Gleevec clinical trials started in 1998. After 4 years follow-up,

only 6% of 553 patients in Phase III trials progressed into advanced
phases of CML. 16% of patients became resistant to treatment. This
is not at all the same as progression, it included patients who lost
their chromosome response, hematologic response or could not tolerate
the drug. The disease did not transform for them. In chronic phase
CML with Gleevec, the average progression per year is 4% and
progression to advanced phases is only 2% per year.(follow-up time 4
years) The figures for the fifth year shows that the numbers are not
increasing but actually declining.

Most CML experts believe that you can freeze CML to be a benign

disease, then it is as good as a cure.(functional cure)

For patients in whom Gleevec does not work anymore, they are

being treated with a new generation of kinase inhibitors, the
BMS354825 and AMN107. Dasatinib or BMS354825 in the test-tube is 300-1000
fold more powerful than Gleevec in inhibiting the enzyme
activity of BCR-ABL. Most patients become resistant to Gleevec
because of mutations in the BCR-ABL protein that disallow Gleevec
from binding. Gleevec is rejected and cannot block. Dasatinib is a
smaller molecule and comes in from another angle and gets into the
pocket. In the lab, it has been able to overcome 14/15 resistance-
inducing mutations.

In the Phase I Dasatinib trial, 8 patients were studied who could

not tolerate Gleevec because of rash or fluid retention. All did
very well on Dasatinib with no side-effects and had good response as
well. Half of them had complete remissions on Dasatinib. So, now we have three
inhibitors to control the disease long-term.

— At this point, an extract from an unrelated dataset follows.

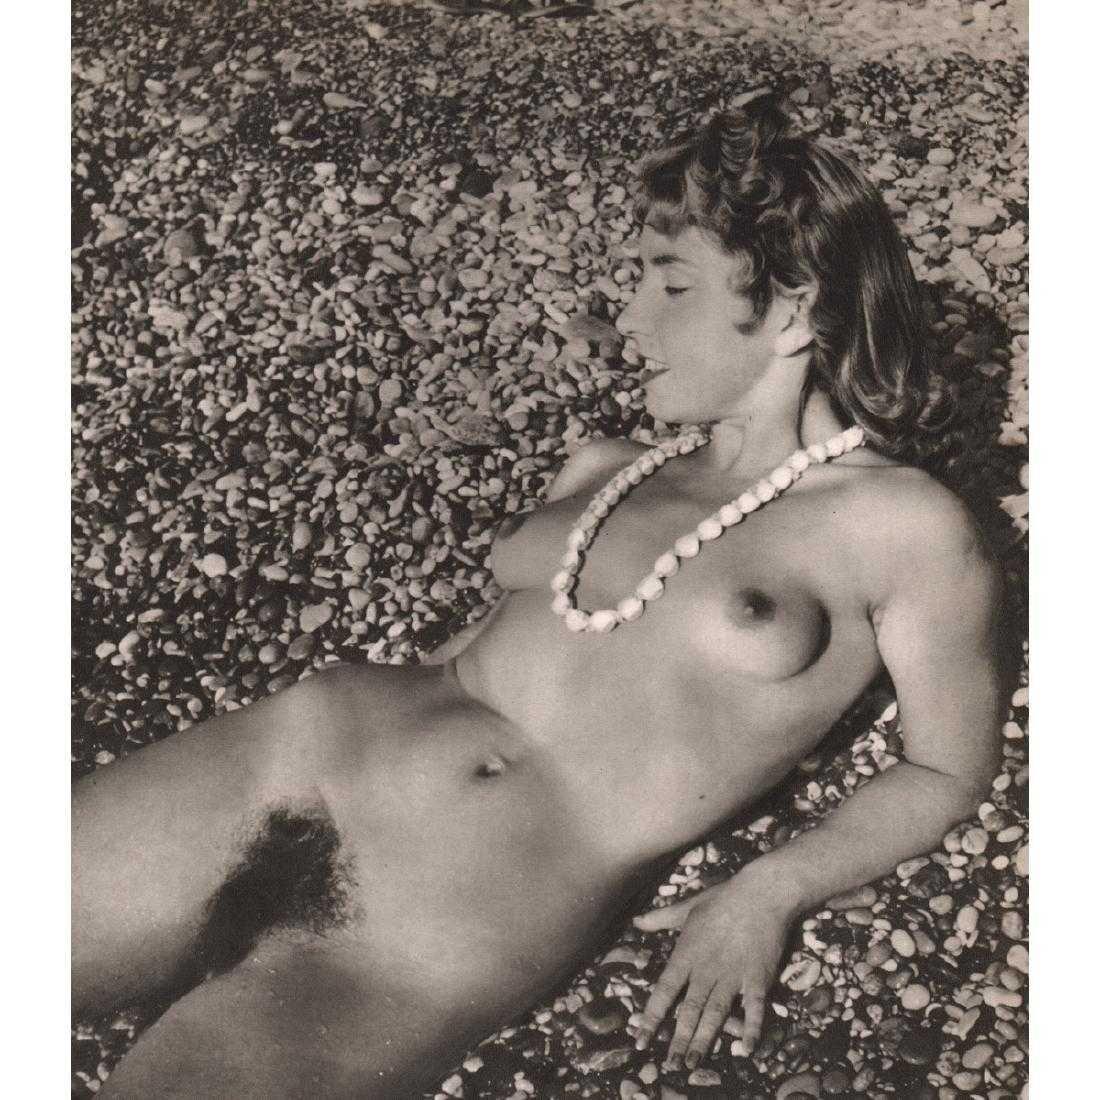 GEORGES VALLEE - Nude - 2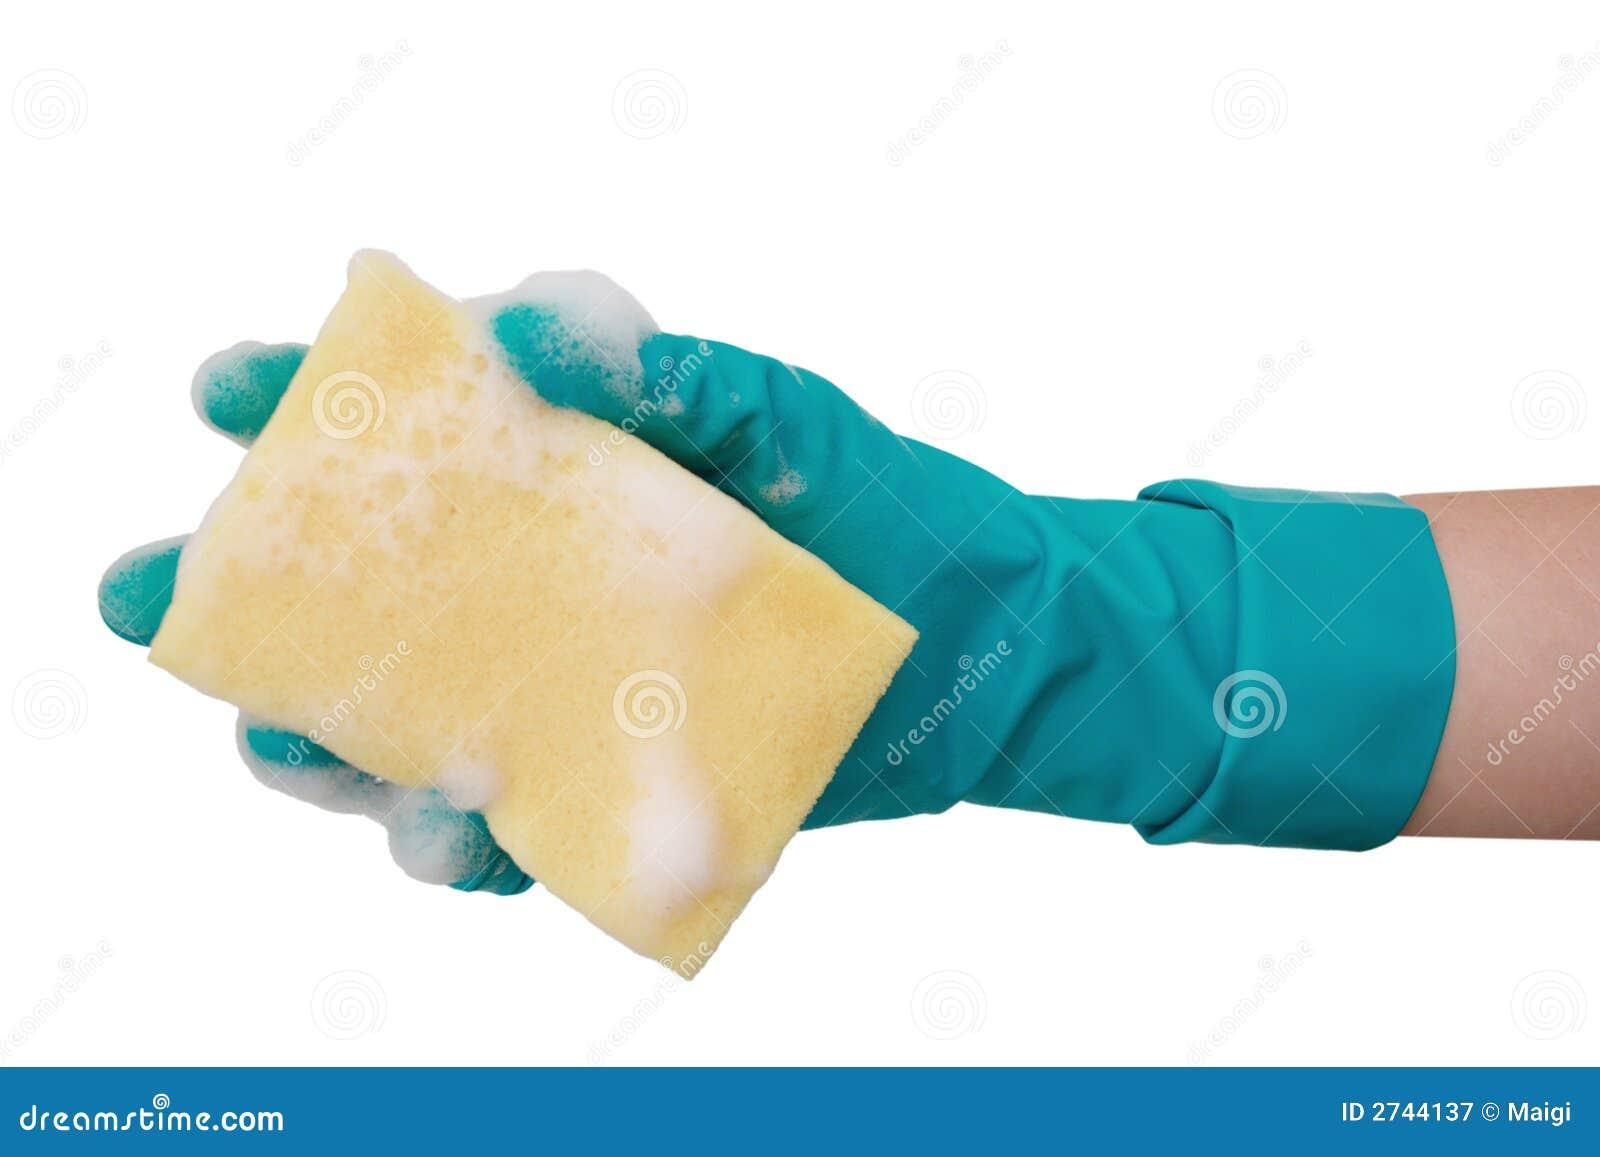 Foamy cleaning sponge

There are also trials of other CML drugs like Decitabine, vaccines and
Imatinib combos going on so that patients are treated with drugs that can
inhibit different pathways that cells have to proliferate.

Over a period of 40 years, CML has seen the development of
historical events like links in a chain. Without each link, the
chain cannot form. This is rational therapy, good reason to go from
one step to the next and it all paid off.